Politikus PDI Perjuangan itu lantas melansir kajian ilmiah dari Institut Federal Jerman untuk Penilaian Risiko (German Federal Institute for Risk Assessment) pada tahun 2018 menyatakan produk tembakau alternatif menghasilkan uap bukan asap karena tidak melalui proses pembakaran.
Dengan demikian, produk tersebut tidak menghasilkan TAR dan berbagai zat kimia berbahaya bagi tubuh manusia. Penelitian ini menyatakan, produk tembakau alternatif memiliki tingkat toksisitas (tingkat merusak suatu sel) yang lebih rendah hingga 80-99 persen dibandingkan rokok konvensional.

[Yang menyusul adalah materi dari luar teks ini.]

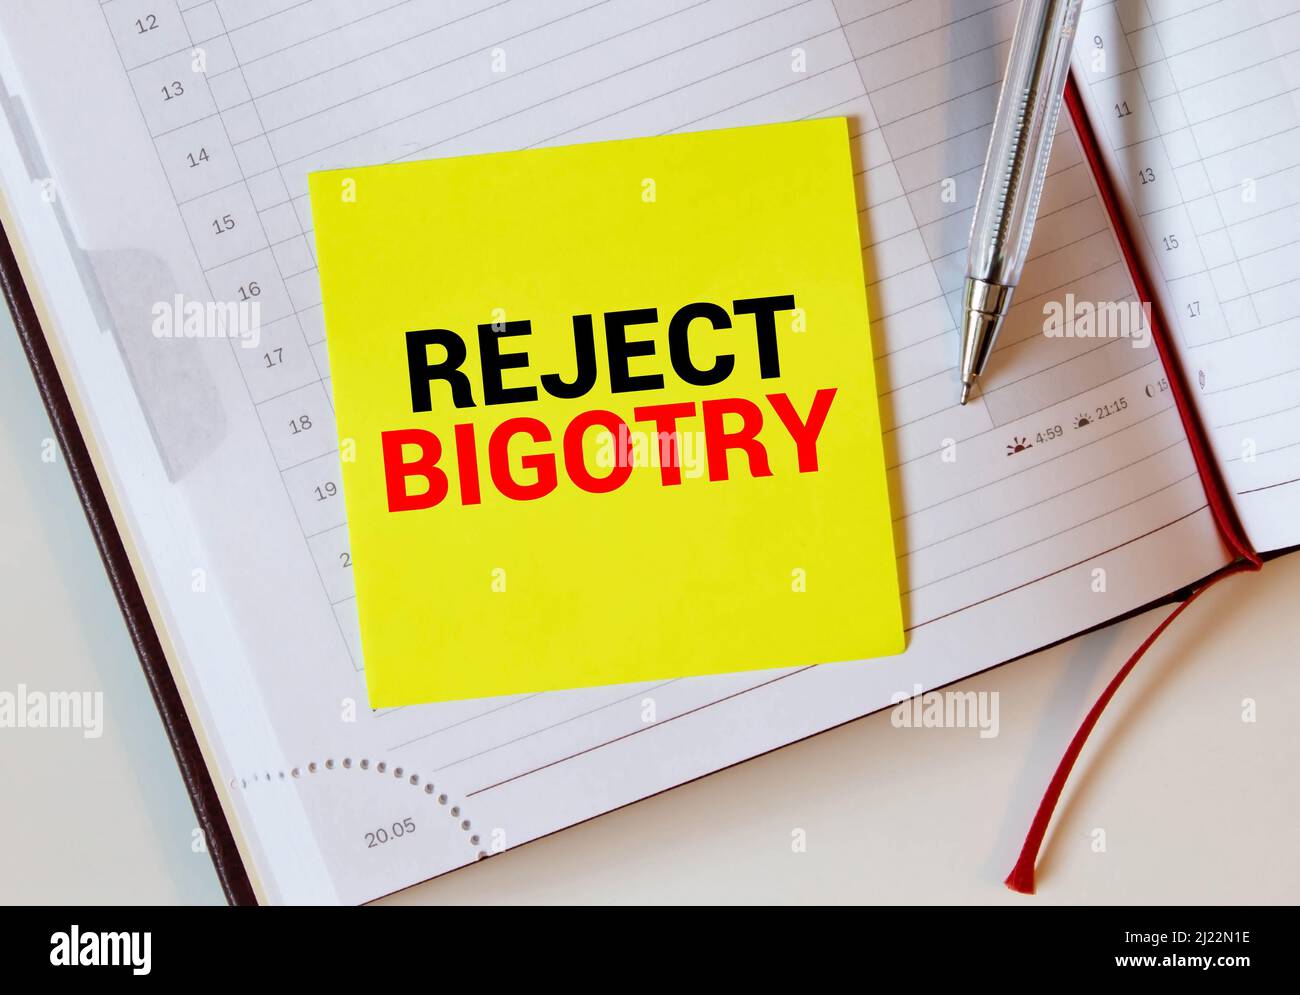 Text verhindern Bigotry in Blau unter einem Drahtgeflecht geschrieben Stockfoto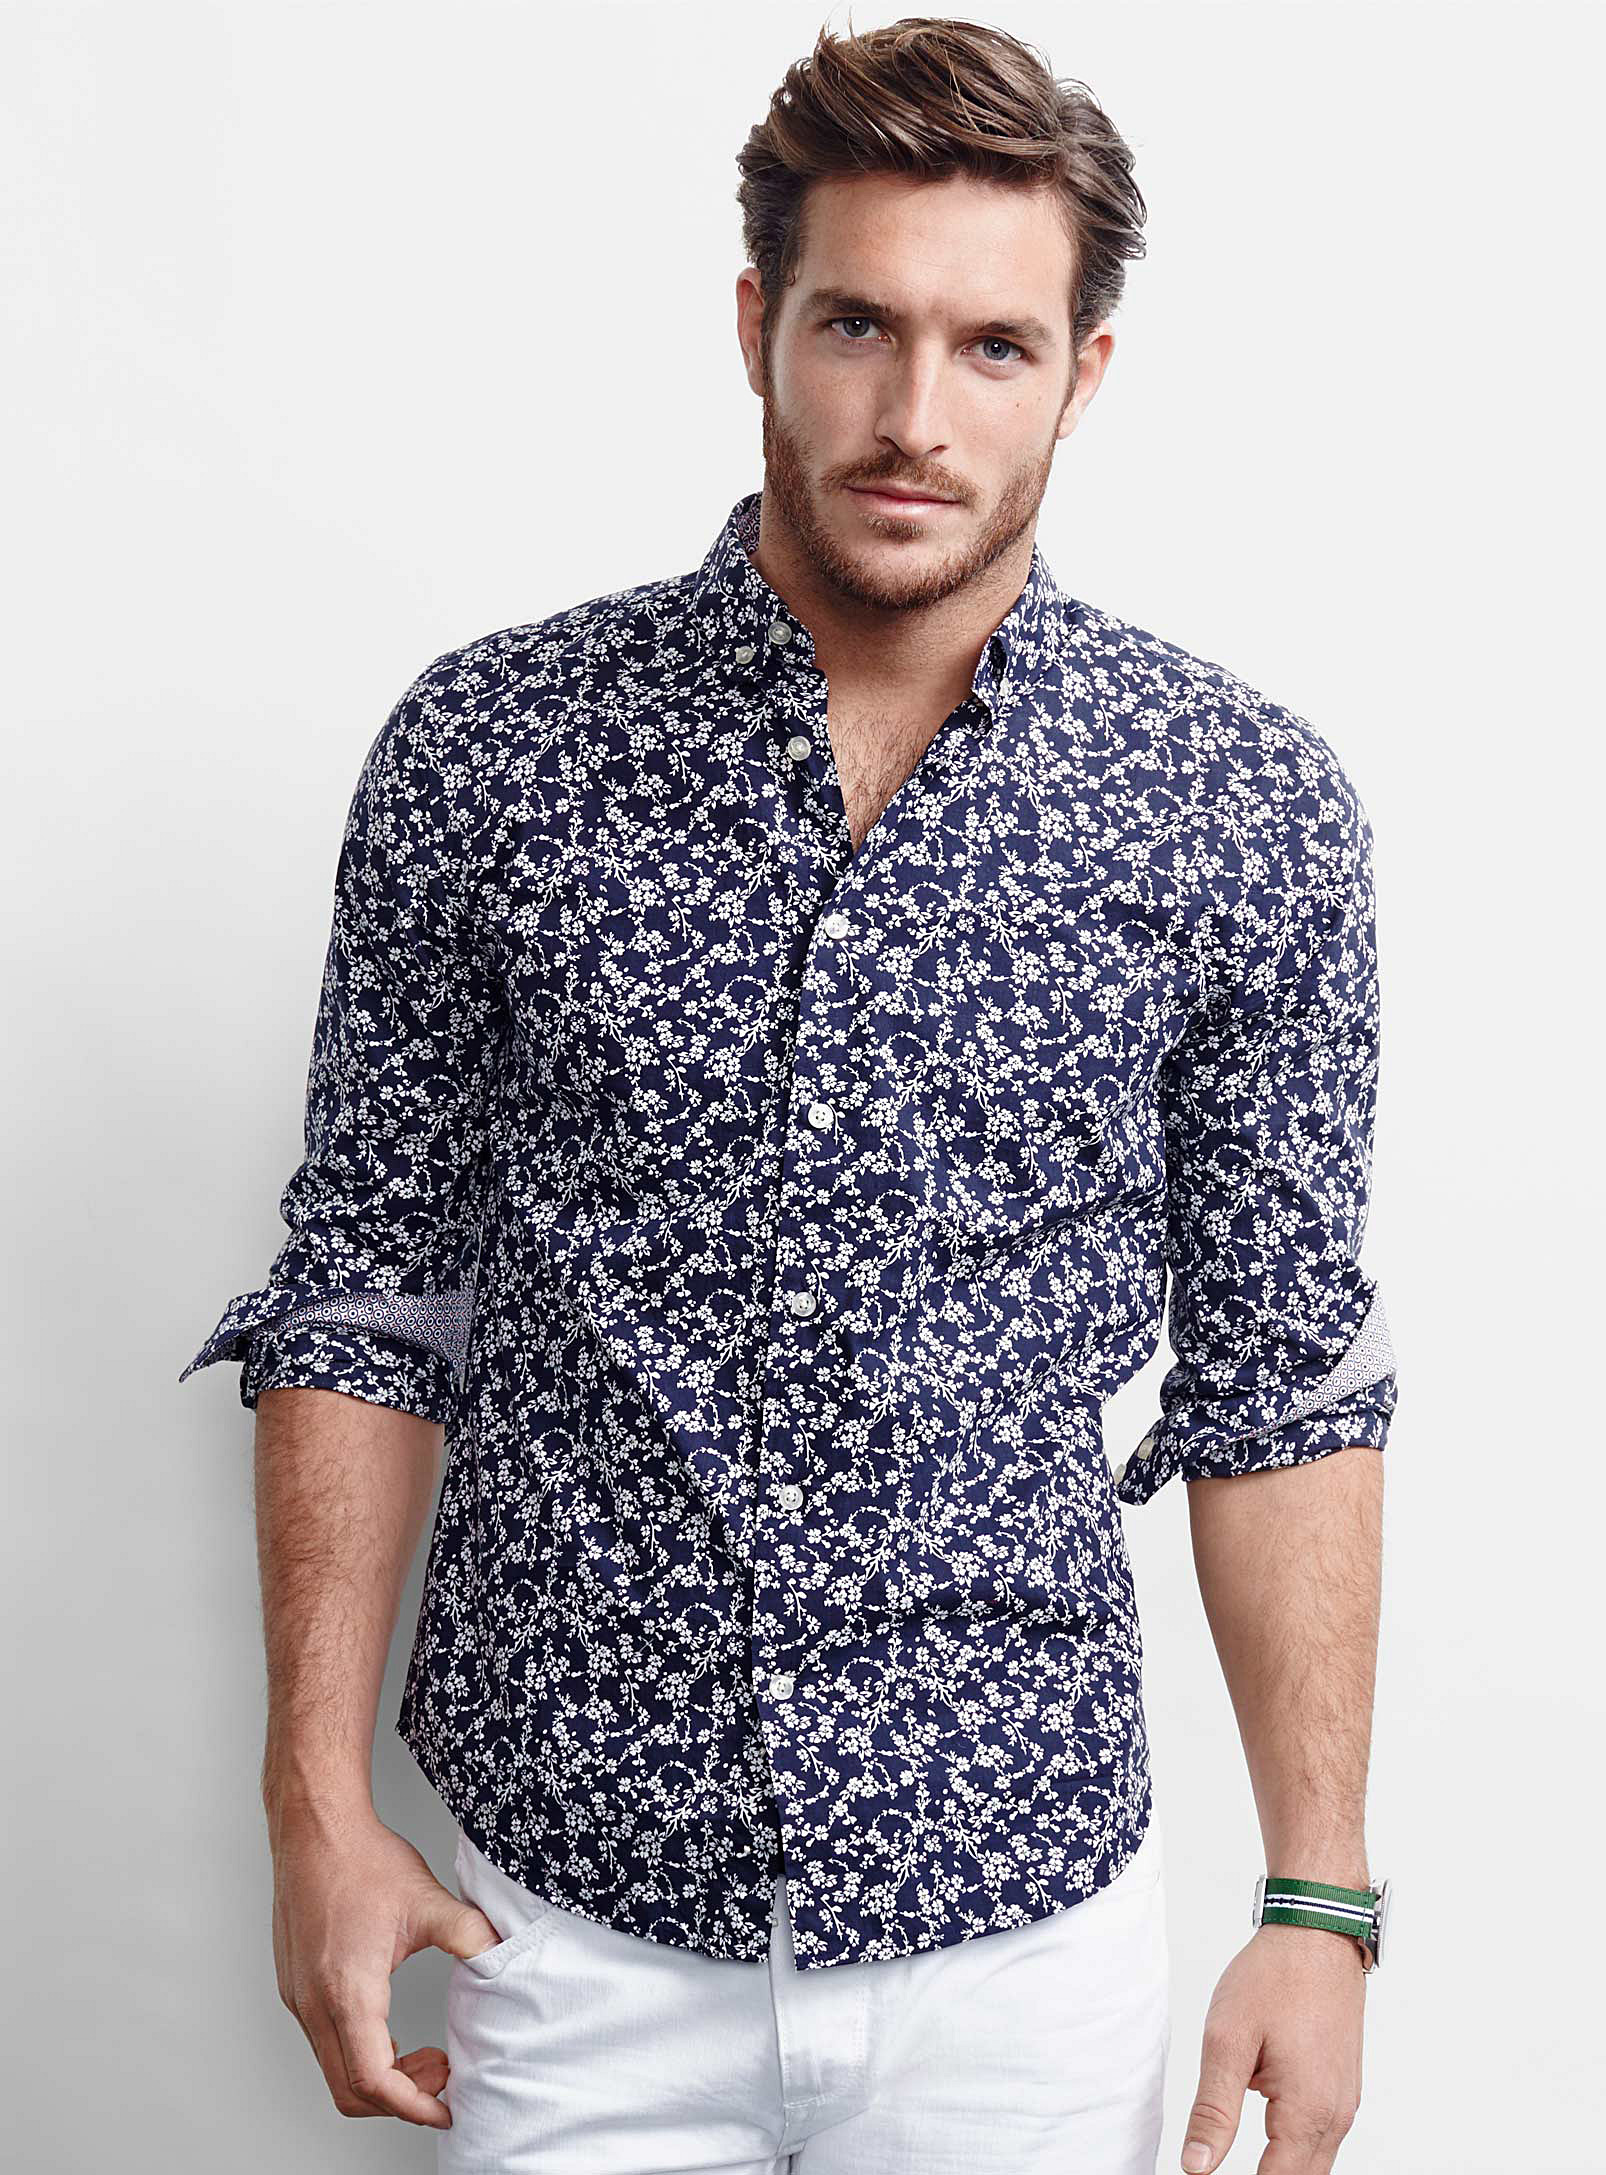 Рубашек мужских сайт. Рубашка мужская. Летняя рубашка. Современная рубашка. Модные рубашки для мужчин.

Kajian ilmiah lainnya dari Public Health England (PHE), divisi dalam Departemen Kesehatan dan Pelayanan Sosial di Inggris. PHE menyatakan bahwa produk tembakau alternatif yang dipanaskan bukan dibakar menurunkan risiko kesehatan hingga 95 persen daripada rokok konvensional.
Mengacu sejumlah hasil kajian ilmiah tersebut, Dhamantra berharap Gubernur Wayan Koster mendukung pengembangan produk tembakau alternatif.
Dengan menggunakan produk dari pengembangan inovasi teknologi industri hasil tembakau itu, Dhamantra optimistis Pemerintah Provinsi (Pemprov) Bali mampu mengurangi dampak negatif dari rokok terhadap sekitarnya.
Tentu saja hal itu, juga sejalan dengan visi Pemprov Bali yang tengah berupaya mewujudkan program Bali Bersih.
Dengan demikian, bukan tidak mungkin, kata Dhamantra, anggaran Jaminan Kesehatan Nasional – Krama Bali Sehat bisa berkurang seiring berkurangnya angka penyakit tidak menular yang sebagian besar dikaitkan dengan kebiasaan merokok.
Untuk tahun 2019 ini, Pemprov Bali menganggarkan sebesar Rp 495 miliar. “Kalau biaya kesehatan bisa menurun karena jumlah perokok berkurang, semakin sedikit anggaran yang bisa disubsidi,” tegas dia.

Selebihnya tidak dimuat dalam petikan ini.